_Task prompt_. Reproduce exactly, and only, the lines of the material below running from the line bearing "guiminer - széles" through the line bearing "Toro Neu Mowers, Walk-Behind". Leave any pictures out.

##### Exercise inputs #####

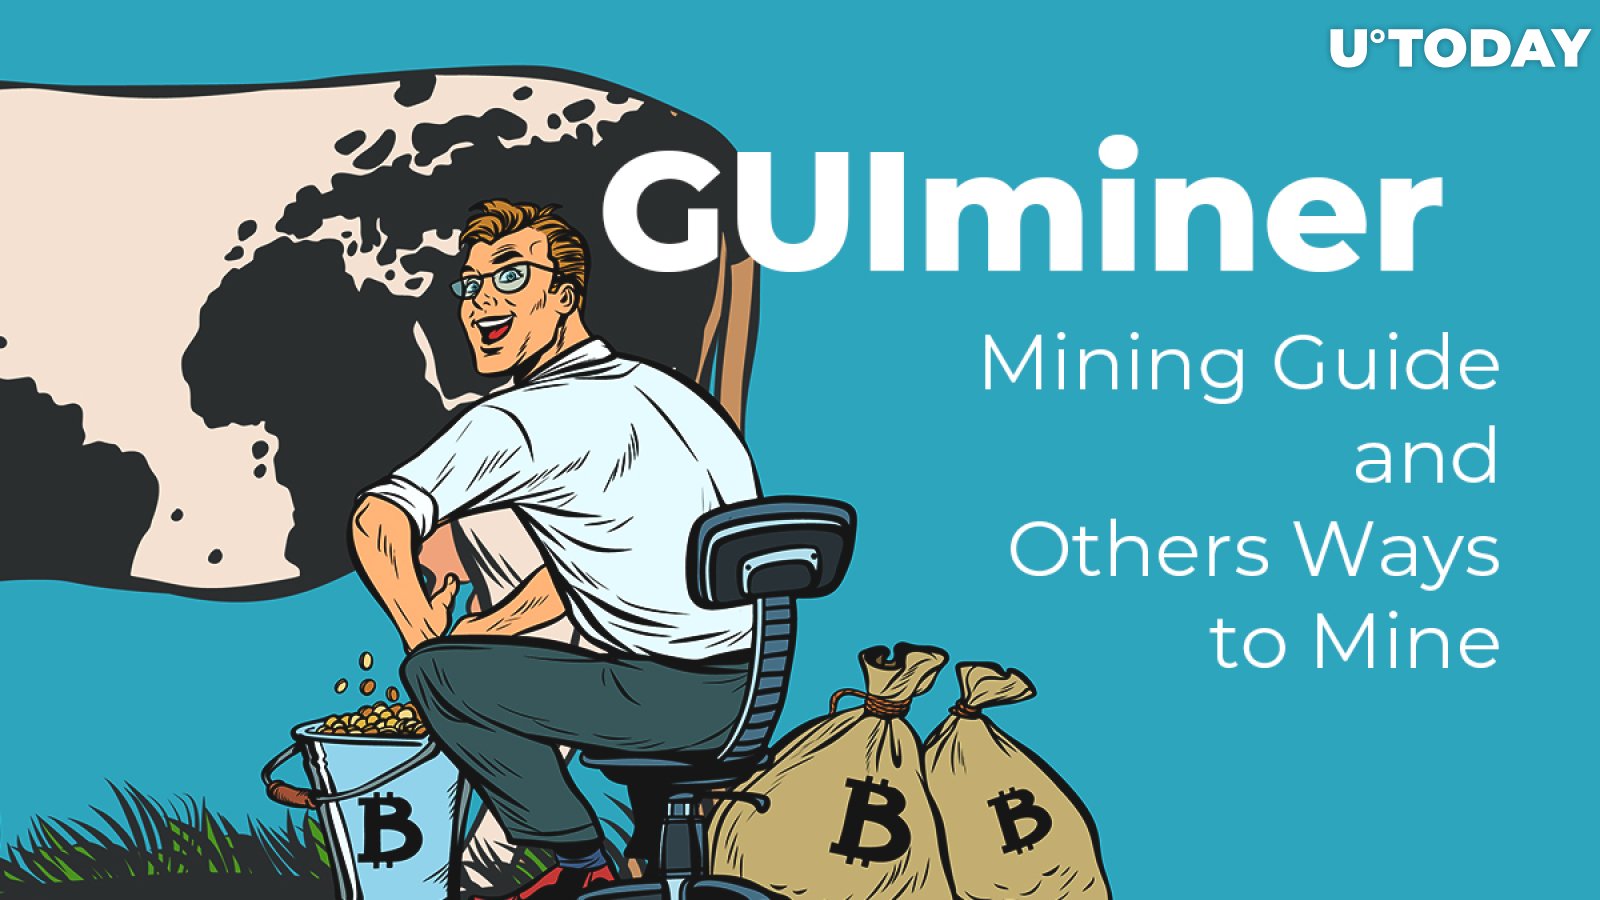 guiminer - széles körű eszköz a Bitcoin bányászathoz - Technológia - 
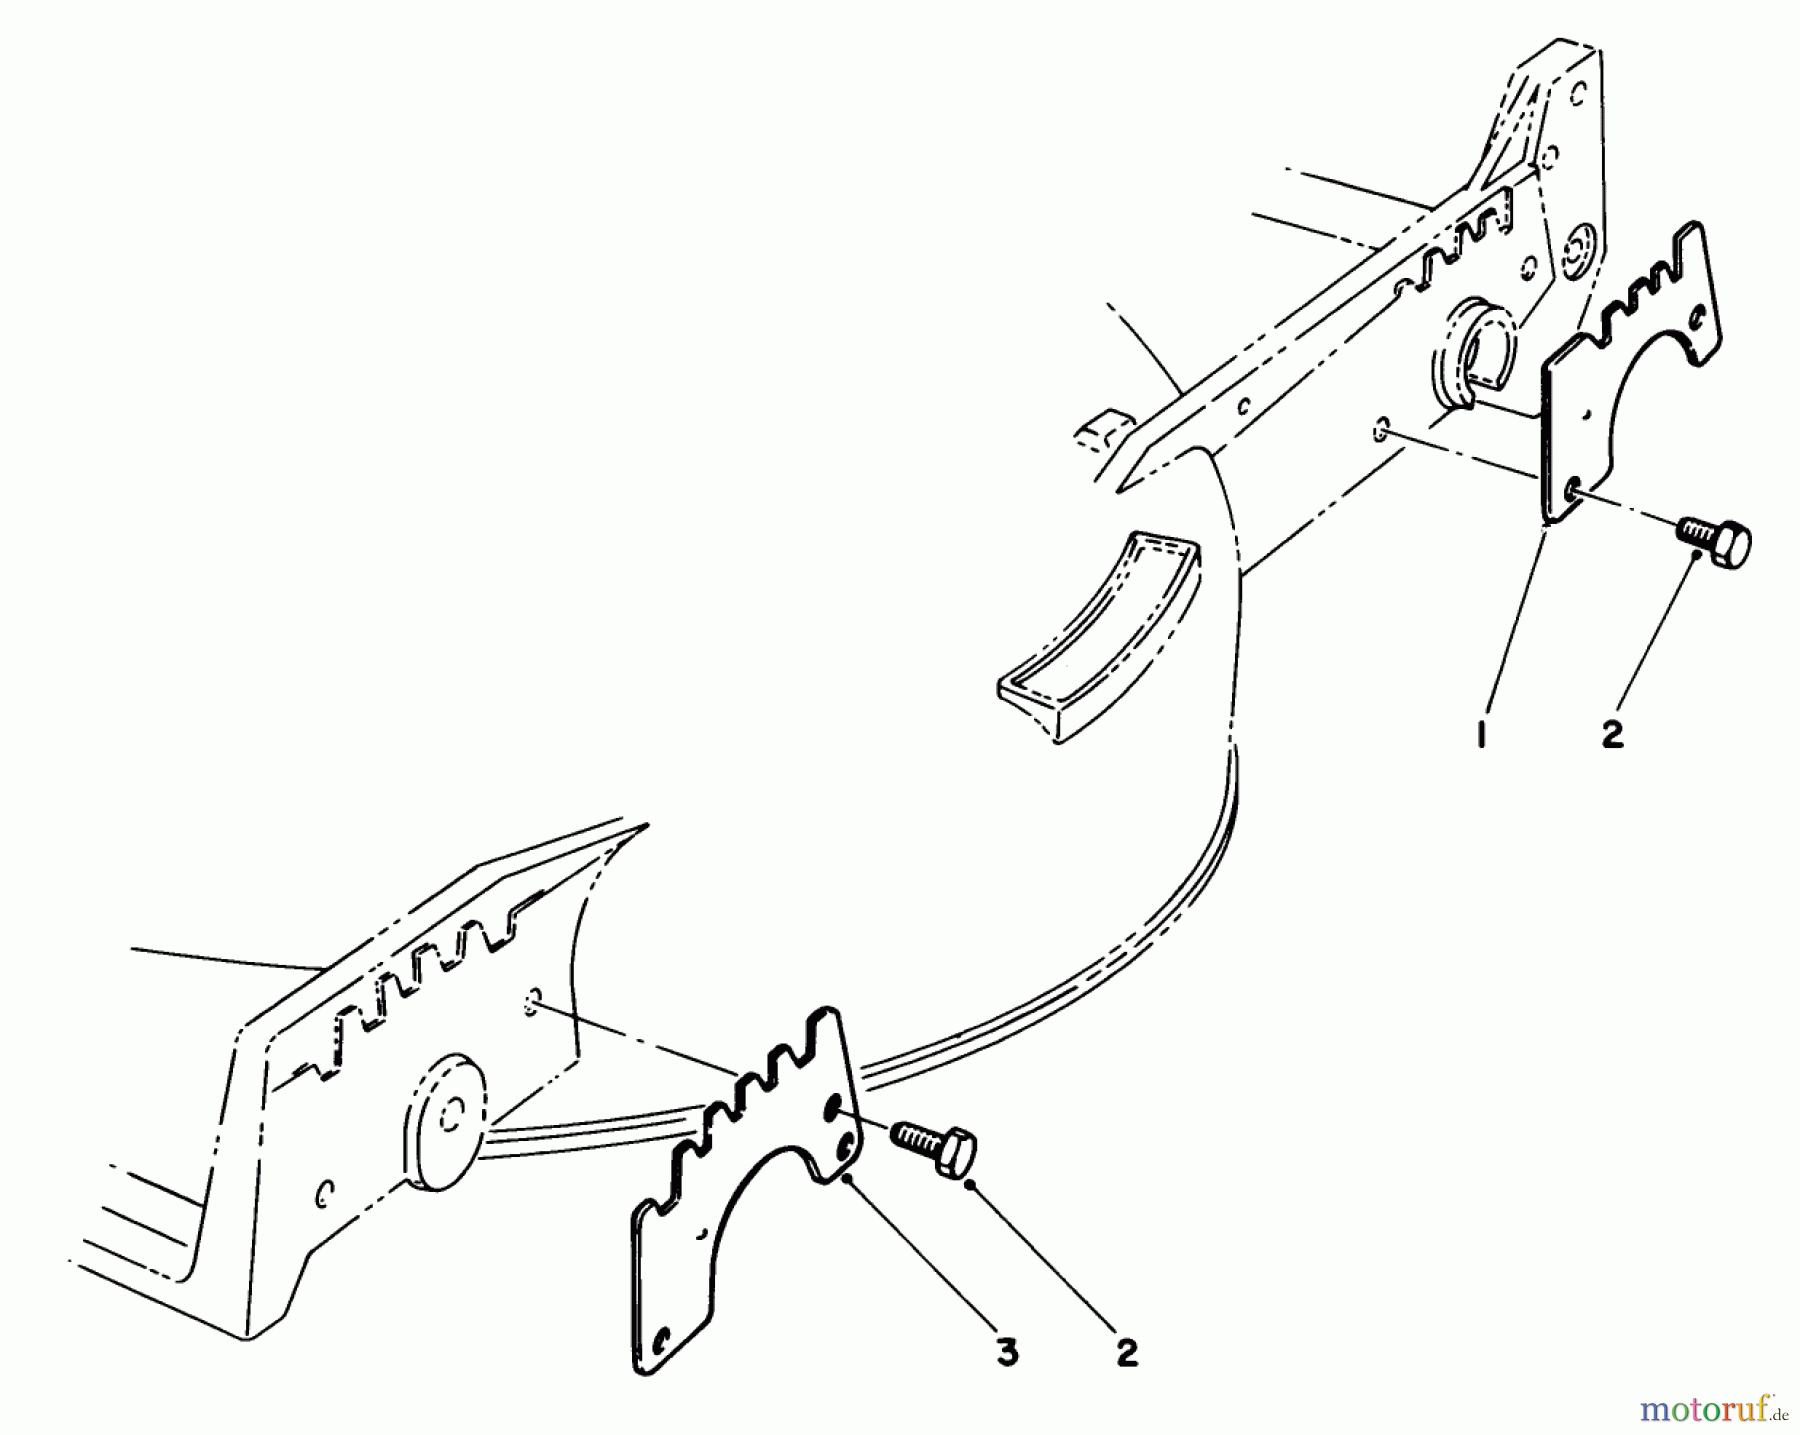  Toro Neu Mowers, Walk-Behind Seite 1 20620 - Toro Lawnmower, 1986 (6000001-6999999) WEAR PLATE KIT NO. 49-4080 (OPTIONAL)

#####
##### Exercise inputs #####

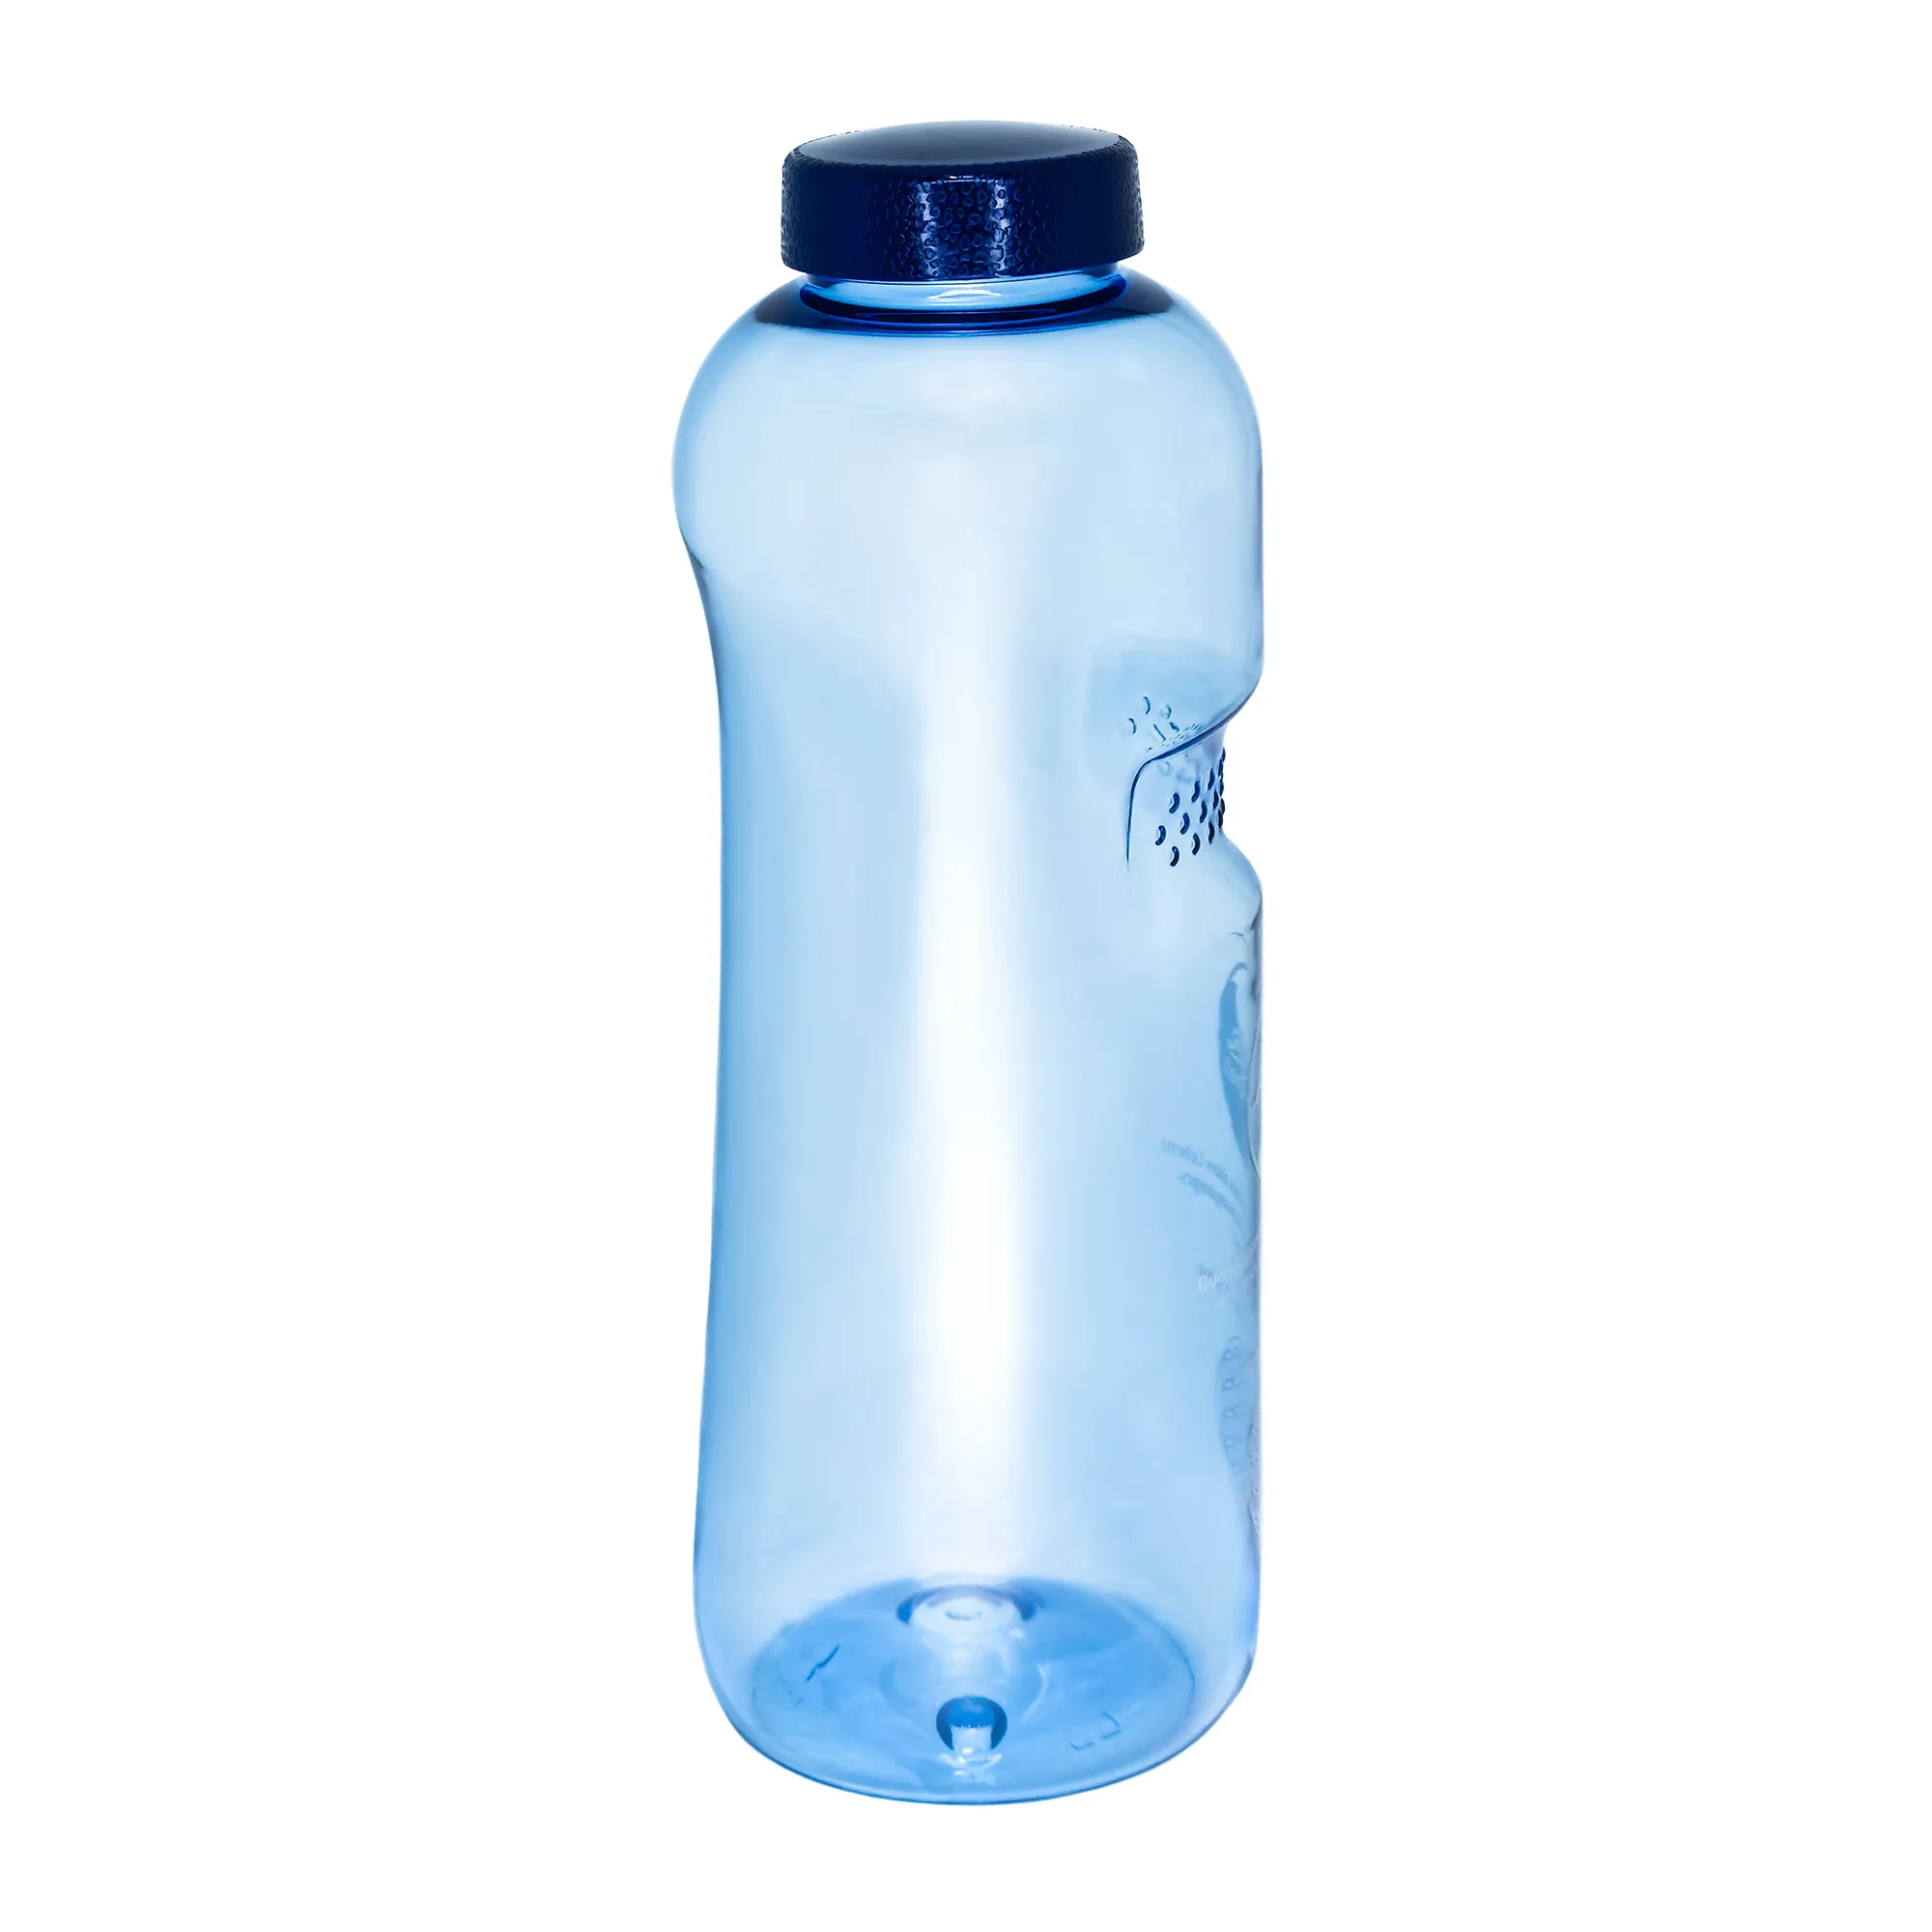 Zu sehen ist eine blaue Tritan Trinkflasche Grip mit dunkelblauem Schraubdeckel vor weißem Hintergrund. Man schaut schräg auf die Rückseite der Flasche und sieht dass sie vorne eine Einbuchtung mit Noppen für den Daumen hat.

#####
##### Exercise inputs #####

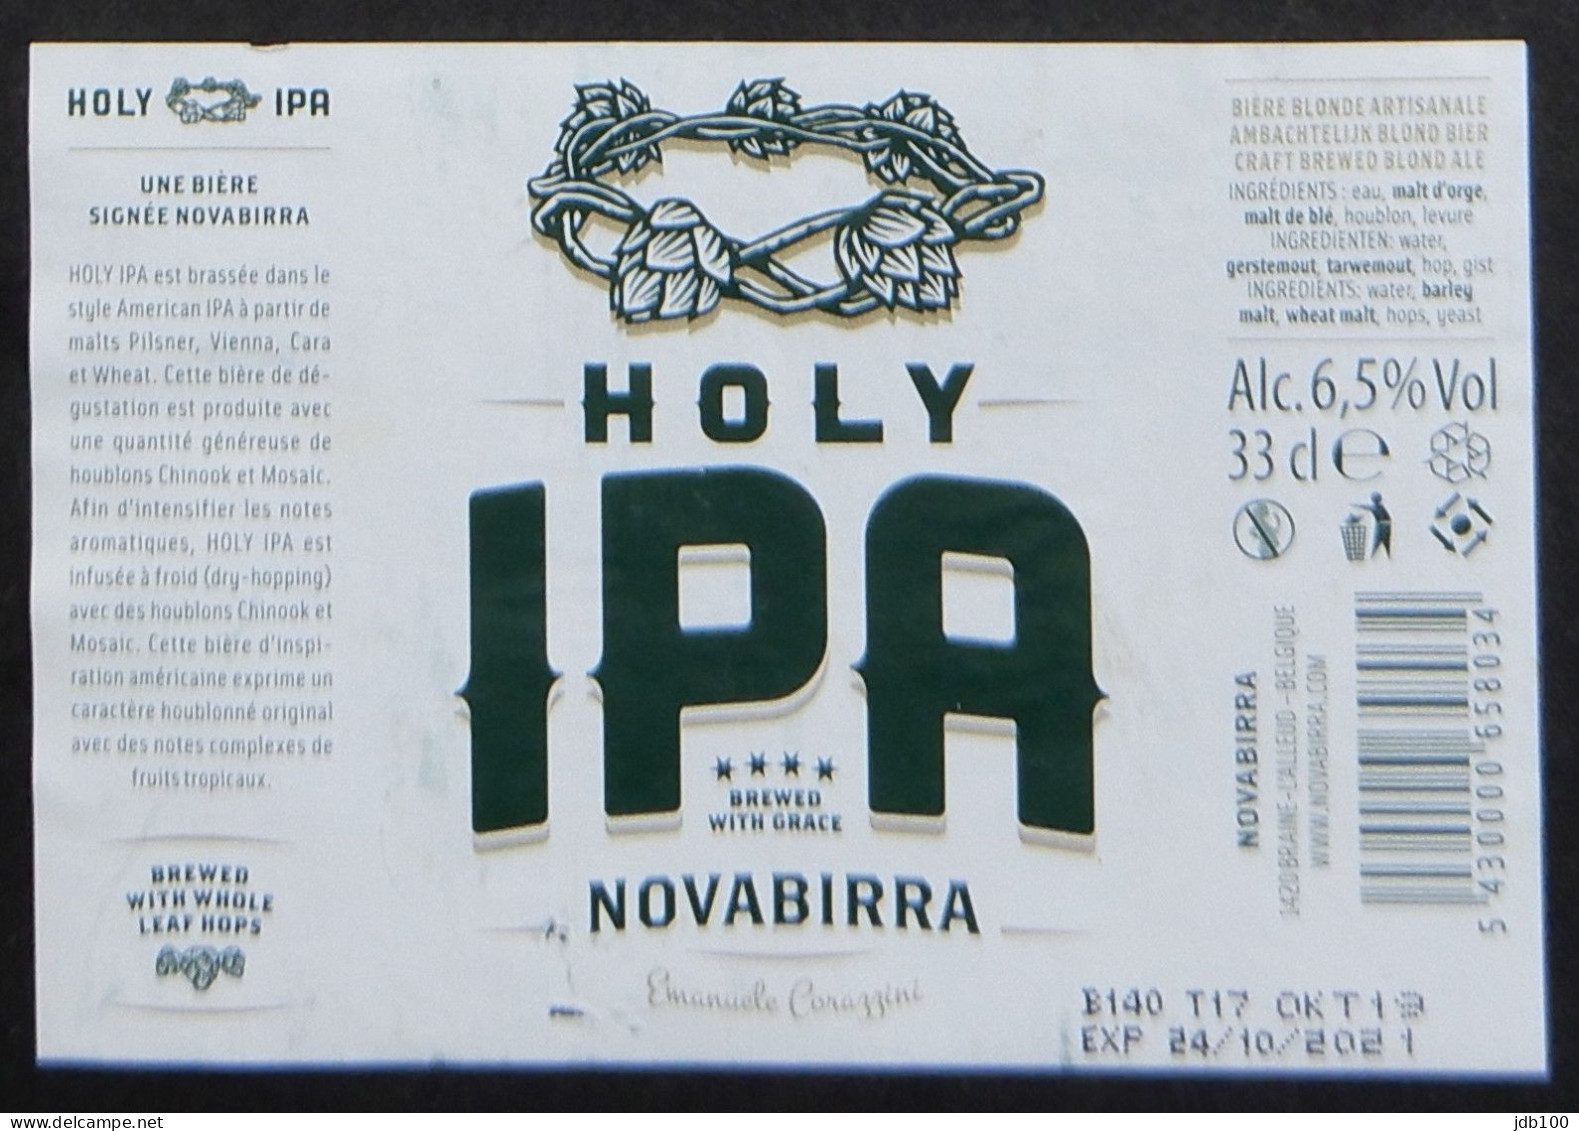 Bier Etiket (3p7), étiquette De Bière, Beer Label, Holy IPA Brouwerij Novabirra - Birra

#####

_Answer space_.
 guiminer - széles körű eszköz a Bitcoin bányászathoz - Technológia - 
  Toro Neu Mowers, Walk-Behind Seite 1 20620 - Toro Lawnmower, 1986 (6000001-6999999) WEAR PLATE KIT NO. 49-4080 (OPTIONAL)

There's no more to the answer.